◆ **ENTRIES PROVIDED**:
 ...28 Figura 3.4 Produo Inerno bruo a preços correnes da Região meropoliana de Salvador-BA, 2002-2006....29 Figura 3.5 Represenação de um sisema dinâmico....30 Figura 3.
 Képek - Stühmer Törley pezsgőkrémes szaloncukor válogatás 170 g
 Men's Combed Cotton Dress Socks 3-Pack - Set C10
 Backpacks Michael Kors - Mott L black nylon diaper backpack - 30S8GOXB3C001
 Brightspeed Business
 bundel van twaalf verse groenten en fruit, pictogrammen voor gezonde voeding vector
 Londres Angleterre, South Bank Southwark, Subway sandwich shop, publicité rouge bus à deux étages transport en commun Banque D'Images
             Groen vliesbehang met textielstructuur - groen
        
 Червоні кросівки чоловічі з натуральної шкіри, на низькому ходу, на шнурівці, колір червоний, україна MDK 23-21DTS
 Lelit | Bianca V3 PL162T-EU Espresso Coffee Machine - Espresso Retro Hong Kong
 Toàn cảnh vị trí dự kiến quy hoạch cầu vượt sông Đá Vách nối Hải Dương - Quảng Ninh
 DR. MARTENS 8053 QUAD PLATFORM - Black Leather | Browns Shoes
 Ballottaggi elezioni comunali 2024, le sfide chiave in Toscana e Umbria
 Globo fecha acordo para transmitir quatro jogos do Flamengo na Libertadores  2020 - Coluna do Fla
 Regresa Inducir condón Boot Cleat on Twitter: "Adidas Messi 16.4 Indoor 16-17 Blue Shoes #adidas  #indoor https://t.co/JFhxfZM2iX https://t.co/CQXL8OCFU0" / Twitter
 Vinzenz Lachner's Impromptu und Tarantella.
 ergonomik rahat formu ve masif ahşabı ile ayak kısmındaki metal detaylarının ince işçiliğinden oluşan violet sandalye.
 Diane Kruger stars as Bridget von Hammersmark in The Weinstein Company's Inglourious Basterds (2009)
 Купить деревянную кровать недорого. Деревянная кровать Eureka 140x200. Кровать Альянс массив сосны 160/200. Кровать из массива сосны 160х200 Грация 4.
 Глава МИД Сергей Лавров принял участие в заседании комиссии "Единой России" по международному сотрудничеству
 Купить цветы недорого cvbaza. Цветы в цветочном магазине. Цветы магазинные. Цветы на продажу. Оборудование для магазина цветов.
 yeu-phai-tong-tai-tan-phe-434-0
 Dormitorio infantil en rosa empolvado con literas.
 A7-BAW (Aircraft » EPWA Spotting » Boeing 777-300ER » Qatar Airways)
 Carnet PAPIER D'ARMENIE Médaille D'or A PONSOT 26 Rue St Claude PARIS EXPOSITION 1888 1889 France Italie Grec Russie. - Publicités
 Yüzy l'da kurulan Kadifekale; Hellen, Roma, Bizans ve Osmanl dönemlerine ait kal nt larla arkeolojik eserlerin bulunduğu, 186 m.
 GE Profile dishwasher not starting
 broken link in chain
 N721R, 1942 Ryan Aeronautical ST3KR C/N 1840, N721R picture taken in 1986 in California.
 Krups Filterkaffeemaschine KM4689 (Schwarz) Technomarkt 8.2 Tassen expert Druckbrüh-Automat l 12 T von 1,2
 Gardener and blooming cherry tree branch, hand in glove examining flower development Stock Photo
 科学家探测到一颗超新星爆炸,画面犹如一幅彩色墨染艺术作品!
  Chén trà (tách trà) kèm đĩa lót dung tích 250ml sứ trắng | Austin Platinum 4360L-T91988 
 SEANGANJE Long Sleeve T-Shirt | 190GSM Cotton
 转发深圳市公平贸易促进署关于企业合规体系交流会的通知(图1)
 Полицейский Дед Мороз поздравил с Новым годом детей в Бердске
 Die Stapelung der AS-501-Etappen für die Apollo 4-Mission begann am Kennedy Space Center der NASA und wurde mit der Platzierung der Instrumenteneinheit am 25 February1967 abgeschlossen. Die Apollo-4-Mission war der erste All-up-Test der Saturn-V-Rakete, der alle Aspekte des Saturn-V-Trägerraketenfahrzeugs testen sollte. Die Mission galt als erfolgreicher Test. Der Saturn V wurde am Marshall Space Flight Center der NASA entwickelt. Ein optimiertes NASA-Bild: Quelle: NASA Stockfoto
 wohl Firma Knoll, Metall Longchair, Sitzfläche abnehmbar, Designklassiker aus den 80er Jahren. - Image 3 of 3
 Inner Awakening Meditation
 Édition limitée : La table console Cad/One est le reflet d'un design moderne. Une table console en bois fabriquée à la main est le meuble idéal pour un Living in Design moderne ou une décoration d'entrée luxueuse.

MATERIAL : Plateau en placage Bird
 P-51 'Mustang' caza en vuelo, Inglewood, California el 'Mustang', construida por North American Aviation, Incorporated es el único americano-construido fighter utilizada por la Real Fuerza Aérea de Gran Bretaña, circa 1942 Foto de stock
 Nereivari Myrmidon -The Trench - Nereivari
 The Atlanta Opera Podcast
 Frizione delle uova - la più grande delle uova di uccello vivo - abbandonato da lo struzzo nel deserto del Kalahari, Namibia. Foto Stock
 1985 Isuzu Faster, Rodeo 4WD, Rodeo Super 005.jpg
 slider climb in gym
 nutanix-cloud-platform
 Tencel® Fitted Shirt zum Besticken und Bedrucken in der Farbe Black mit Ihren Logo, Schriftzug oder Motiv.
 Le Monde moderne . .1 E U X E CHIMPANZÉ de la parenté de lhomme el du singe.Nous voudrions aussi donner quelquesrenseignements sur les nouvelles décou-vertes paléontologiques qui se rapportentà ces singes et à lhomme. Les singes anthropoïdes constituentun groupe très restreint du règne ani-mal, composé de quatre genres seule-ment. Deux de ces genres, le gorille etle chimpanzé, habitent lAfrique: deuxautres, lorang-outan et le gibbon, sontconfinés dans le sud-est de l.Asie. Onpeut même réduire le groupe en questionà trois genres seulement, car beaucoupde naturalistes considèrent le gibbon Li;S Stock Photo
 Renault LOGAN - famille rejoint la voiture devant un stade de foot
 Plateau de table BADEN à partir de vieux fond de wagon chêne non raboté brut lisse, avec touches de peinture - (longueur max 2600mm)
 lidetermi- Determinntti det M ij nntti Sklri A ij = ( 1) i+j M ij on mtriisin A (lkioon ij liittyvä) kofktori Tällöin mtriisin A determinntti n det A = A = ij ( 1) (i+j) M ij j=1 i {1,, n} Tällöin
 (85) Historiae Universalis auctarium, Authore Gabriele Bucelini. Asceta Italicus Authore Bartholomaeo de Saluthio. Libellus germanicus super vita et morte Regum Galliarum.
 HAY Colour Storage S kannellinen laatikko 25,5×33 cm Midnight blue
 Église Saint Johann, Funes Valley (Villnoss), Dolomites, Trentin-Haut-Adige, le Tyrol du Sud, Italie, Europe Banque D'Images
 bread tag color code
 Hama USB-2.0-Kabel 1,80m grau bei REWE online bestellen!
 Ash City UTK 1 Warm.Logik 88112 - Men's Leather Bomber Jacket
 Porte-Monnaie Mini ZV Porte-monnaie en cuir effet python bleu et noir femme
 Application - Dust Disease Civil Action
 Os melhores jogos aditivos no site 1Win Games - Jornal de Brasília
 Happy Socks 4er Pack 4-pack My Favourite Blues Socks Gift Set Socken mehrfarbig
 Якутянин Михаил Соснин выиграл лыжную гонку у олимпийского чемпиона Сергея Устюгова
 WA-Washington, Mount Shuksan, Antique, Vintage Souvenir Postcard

◆ **REQUIREMENT**:
Please output every record, keeping each line exact.

◆ **RESPONSE AREA**:
 ...28 Figura 3.4 Produo Inerno bruo a preços correnes da Região meropoliana de Salvador-BA, 2002-2006....29 Figura 3.5 Represenação de um sisema dinâmico....30 Figura 3.
 Képek - Stühmer Törley pezsgőkrémes szaloncukor válogatás 170 g
 Men's Combed Cotton Dress Socks 3-Pack - Set C10
 Backpacks Michael Kors - Mott L black nylon diaper backpack - 30S8GOXB3C001
 Brightspeed Business
 bundel van twaalf verse groenten en fruit, pictogrammen voor gezonde voeding vector
 Londres Angleterre, South Bank Southwark, Subway sandwich shop, publicité rouge bus à deux étages transport en commun Banque D'Images
             Groen vliesbehang met textielstructuur - groen
        
 Червоні кросівки чоловічі з натуральної шкіри, на низькому ходу, на шнурівці, колір червоний, україна MDK 23-21DTS
 Lelit | Bianca V3 PL162T-EU Espresso Coffee Machine - Espresso Retro Hong Kong
 Toàn cảnh vị trí dự kiến quy hoạch cầu vượt sông Đá Vách nối Hải Dương - Quảng Ninh
 DR. MARTENS 8053 QUAD PLATFORM - Black Leather | Browns Shoes
 Ballottaggi elezioni comunali 2024, le sfide chiave in Toscana e Umbria
 Globo fecha acordo para transmitir quatro jogos do Flamengo na Libertadores  2020 - Coluna do Fla
 Regresa Inducir condón Boot Cleat on Twitter: "Adidas Messi 16.4 Indoor 16-17 Blue Shoes #adidas  #indoor https://t.co/JFhxfZM2iX https://t.co/CQXL8OCFU0" / Twitter
 Vinzenz Lachner's Impromptu und Tarantella.
 ergonomik rahat formu ve masif ahşabı ile ayak kısmındaki metal detaylarının ince işçiliğinden oluşan violet sandalye.
 Diane Kruger stars as Bridget von Hammersmark in The Weinstein Company's Inglourious Basterds (2009)
 Купить деревянную кровать недорого. Деревянная кровать Eureka 140x200. Кровать Альянс массив сосны 160/200. Кровать из массива сосны 160х200 Грация 4.
 Глава МИД Сергей Лавров принял участие в заседании комиссии "Единой России" по международному сотрудничеству
 Купить цветы недорого cvbaza. Цветы в цветочном магазине. Цветы магазинные. Цветы на продажу. Оборудование для магазина цветов.
 yeu-phai-tong-tai-tan-phe-434-0
 Dormitorio infantil en rosa empolvado con literas.
 A7-BAW (Aircraft » EPWA Spotting » Boeing 777-300ER » Qatar Airways)
 Carnet PAPIER D'ARMENIE Médaille D'or A PONSOT 26 Rue St Claude PARIS EXPOSITION 1888 1889 France Italie Grec Russie. - Publicités
 Yüzy l'da kurulan Kadifekale; Hellen, Roma, Bizans ve Osmanl dönemlerine ait kal nt larla arkeolojik eserlerin bulunduğu, 186 m.
 GE Profile dishwasher not starting
 broken link in chain
 N721R, 1942 Ryan Aeronautical ST3KR C/N 1840, N721R picture taken in 1986 in California.
 Krups Filterkaffeemaschine KM4689 (Schwarz) Technomarkt 8.2 Tassen expert Druckbrüh-Automat l 12 T von 1,2
 Gardener and blooming cherry tree branch, hand in glove examining flower development Stock Photo
 科学家探测到一颗超新星爆炸,画面犹如一幅彩色墨染艺术作品!
  Chén trà (tách trà) kèm đĩa lót dung tích 250ml sứ trắng | Austin Platinum 4360L-T91988 
 SEANGANJE Long Sleeve T-Shirt | 190GSM Cotton
 转发深圳市公平贸易促进署关于企业合规体系交流会的通知(图1)
 Полицейский Дед Мороз поздравил с Новым годом детей в Бердске
 Die Stapelung der AS-501-Etappen für die Apollo 4-Mission begann am Kennedy Space Center der NASA und wurde mit der Platzierung der Instrumenteneinheit am 25 February1967 abgeschlossen. Die Apollo-4-Mission war der erste All-up-Test der Saturn-V-Rakete, der alle Aspekte des Saturn-V-Trägerraketenfahrzeugs testen sollte. Die Mission galt als erfolgreicher Test. Der Saturn V wurde am Marshall Space Flight Center der NASA entwickelt. Ein optimiertes NASA-Bild: Quelle: NASA Stockfoto
 wohl Firma Knoll, Metall Longchair, Sitzfläche abnehmbar, Designklassiker aus den 80er Jahren. - Image 3 of 3
 Inner Awakening Meditation
 Édition limitée : La table console Cad/One est le reflet d'un design moderne. Une table console en bois fabriquée à la main est le meuble idéal pour un Living in Design moderne ou une décoration d'entrée luxueuse.

MATERIAL : Plateau en placage Bird
 P-51 'Mustang' caza en vuelo, Inglewood, California el 'Mustang', construida por North American Aviation, Incorporated es el único americano-construido fighter utilizada por la Real Fuerza Aérea de Gran Bretaña, circa 1942 Foto de stock
 Nereivari Myrmidon -The Trench - Nereivari
 The Atlanta Opera Podcast
 Frizione delle uova - la più grande delle uova di uccello vivo - abbandonato da lo struzzo nel deserto del Kalahari, Namibia. Foto Stock
 1985 Isuzu Faster, Rodeo 4WD, Rodeo Super 005.jpg
 slider climb in gym
 nutanix-cloud-platform
 Tencel® Fitted Shirt zum Besticken und Bedrucken in der Farbe Black mit Ihren Logo, Schriftzug oder Motiv.
 Le Monde moderne . .1 E U X E CHIMPANZÉ de la parenté de lhomme el du singe.Nous voudrions aussi donner quelquesrenseignements sur les nouvelles décou-vertes paléontologiques qui se rapportentà ces singes et à lhomme. Les singes anthropoïdes constituentun groupe très restreint du règne ani-mal, composé de quatre genres seule-ment. Deux de ces genres, le gorille etle chimpanzé, habitent lAfrique: deuxautres, lorang-outan et le gibbon, sontconfinés dans le sud-est de l.Asie. Onpeut même réduire le groupe en questionà trois genres seulement, car beaucoupde naturalistes considèrent le gibbon Li;S Stock Photo
 Renault LOGAN - famille rejoint la voiture devant un stade de foot
 Plateau de table BADEN à partir de vieux fond de wagon chêne non raboté brut lisse, avec touches de peinture - (longueur max 2600mm)
 lidetermi- Determinntti det M ij nntti Sklri A ij = ( 1) i+j M ij on mtriisin A (lkioon ij liittyvä) kofktori Tällöin mtriisin A determinntti n det A = A = ij ( 1) (i+j) M ij j=1 i {1,, n} Tällöin
 (85) Historiae Universalis auctarium, Authore Gabriele Bucelini. Asceta Italicus Authore Bartholomaeo de Saluthio. Libellus germanicus super vita et morte Regum Galliarum.
 HAY Colour Storage S kannellinen laatikko 25,5×33 cm Midnight blue
 Église Saint Johann, Funes Valley (Villnoss), Dolomites, Trentin-Haut-Adige, le Tyrol du Sud, Italie, Europe Banque D'Images
 bread tag color code
 Hama USB-2.0-Kabel 1,80m grau bei REWE online bestellen!
 Ash City UTK 1 Warm.Logik 88112 - Men's Leather Bomber Jacket
 Porte-Monnaie Mini ZV Porte-monnaie en cuir effet python bleu et noir femme
 Application - Dust Disease Civil Action
 Os melhores jogos aditivos no site 1Win Games - Jornal de Brasília
 Happy Socks 4er Pack 4-pack My Favourite Blues Socks Gift Set Socken mehrfarbig
 Якутянин Михаил Соснин выиграл лыжную гонку у олимпийского чемпиона Сергея Устюгова
 WA-Washington, Mount Shuksan, Antique, Vintage Souvenir Postcard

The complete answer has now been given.